The legislature’s use of the word “threaten” was intended to cover verbal or other express offers of harm. See State v. Jackson, 305 N.W.2d 420, 422 (Iowa 1981); Model Penal Code and Commentaries, § 222.1 at 109 (1980). The State must prove only that a threat was made to establish this element of robbery.

However, by threatening another with immediate serious injury, an assault is not necessarily committed. A mere threat, without more, is not necessarily an assault by placing another in fear. W. LaFave & A. Scott, supra § 82 at 612 (but recognizing that in certain situations threatening words alone may be an assault); Restatement (Second) of Torts § 31 (1965); Dunahoo, The New Iowa Criminal Code: Part II, 29 Drake L.Rev. 491, 498 (1980).

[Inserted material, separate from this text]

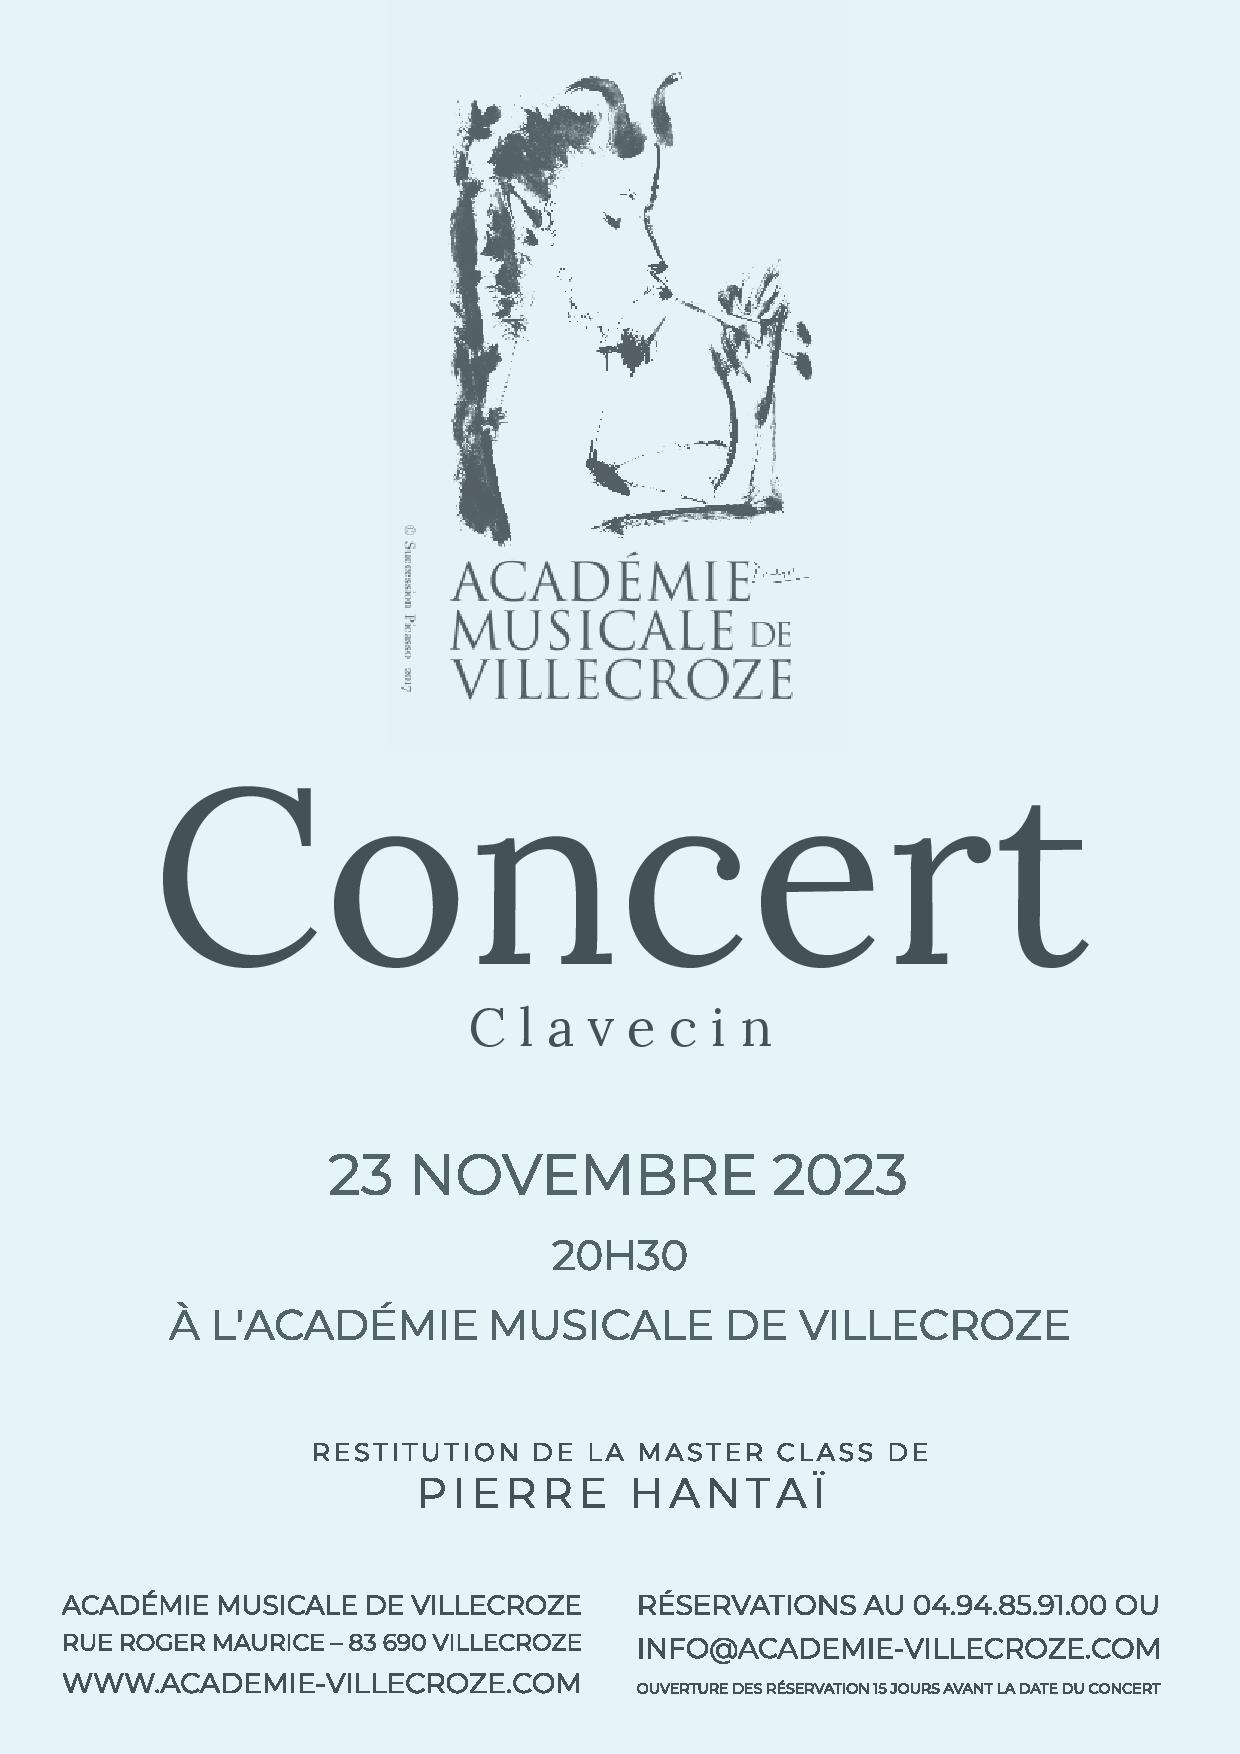 Concert de clavecin - Concert Académie Musicale
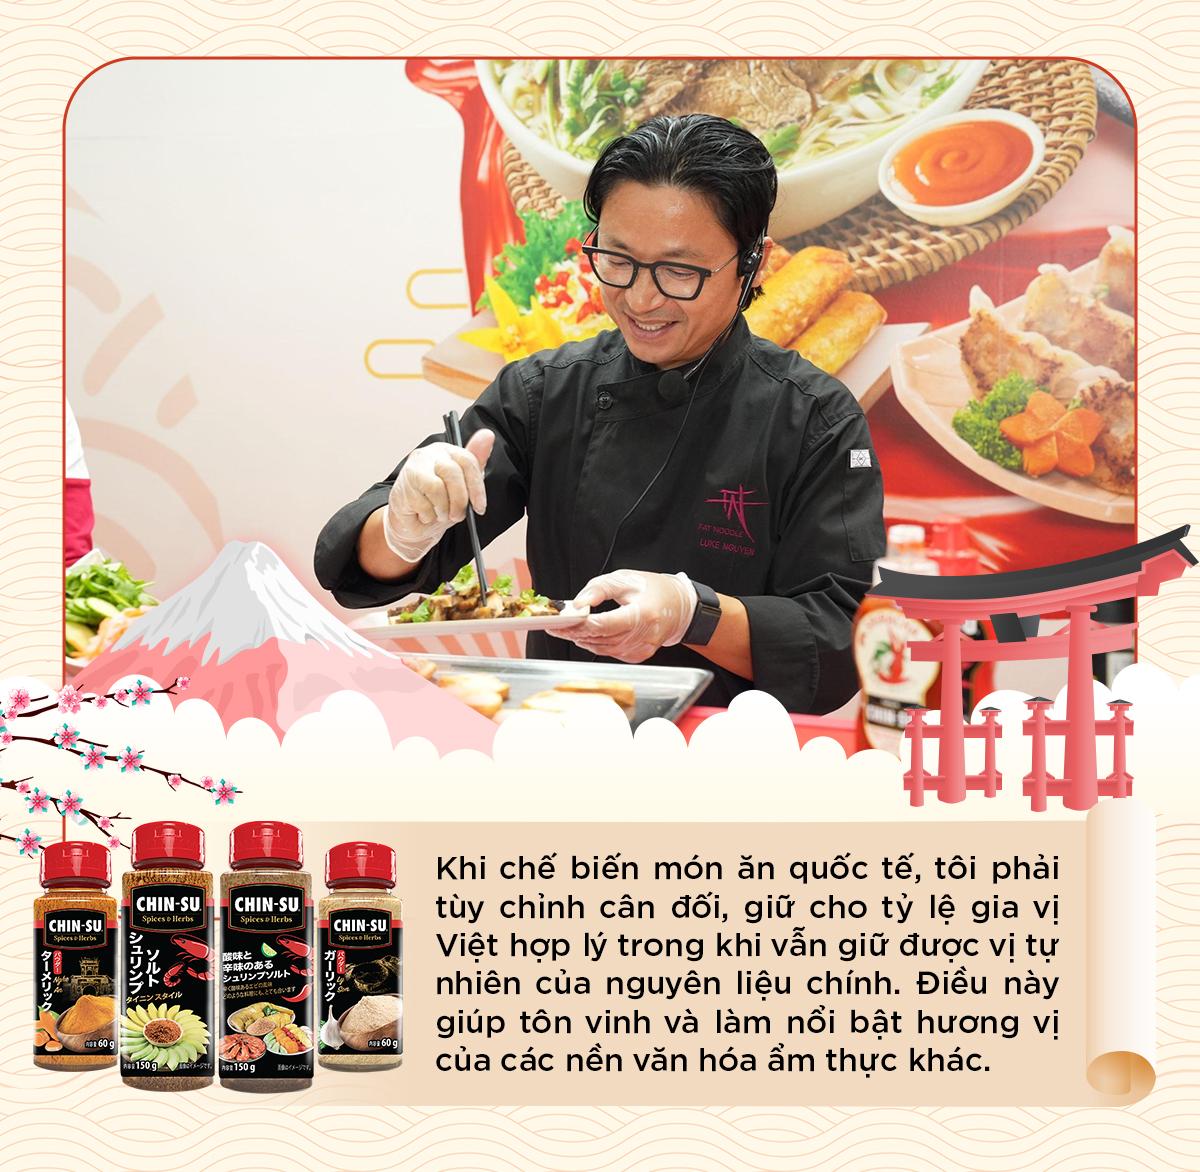 Bí quyết nêm nếm tròn vị của “phù thủy ẩm thực” Luke Nguyễn thu hút thực khách đến với món Việt - Ảnh 5.

Having decided that robbery by threatening another under section 711.1(2) does not necessarily include an assault, our analysis of section 711.1(2) is completed under Iowa lesser included offense law. It could be argued that the other way of committing robbery under section 711.1(2) — by purposely putting another in fear of serious injury — includes an assault. See Model Penal Code, supra (to purposely put another in fear includes “menacing or other implied threat sought to be communicated to the victim by the actor’s conduct”).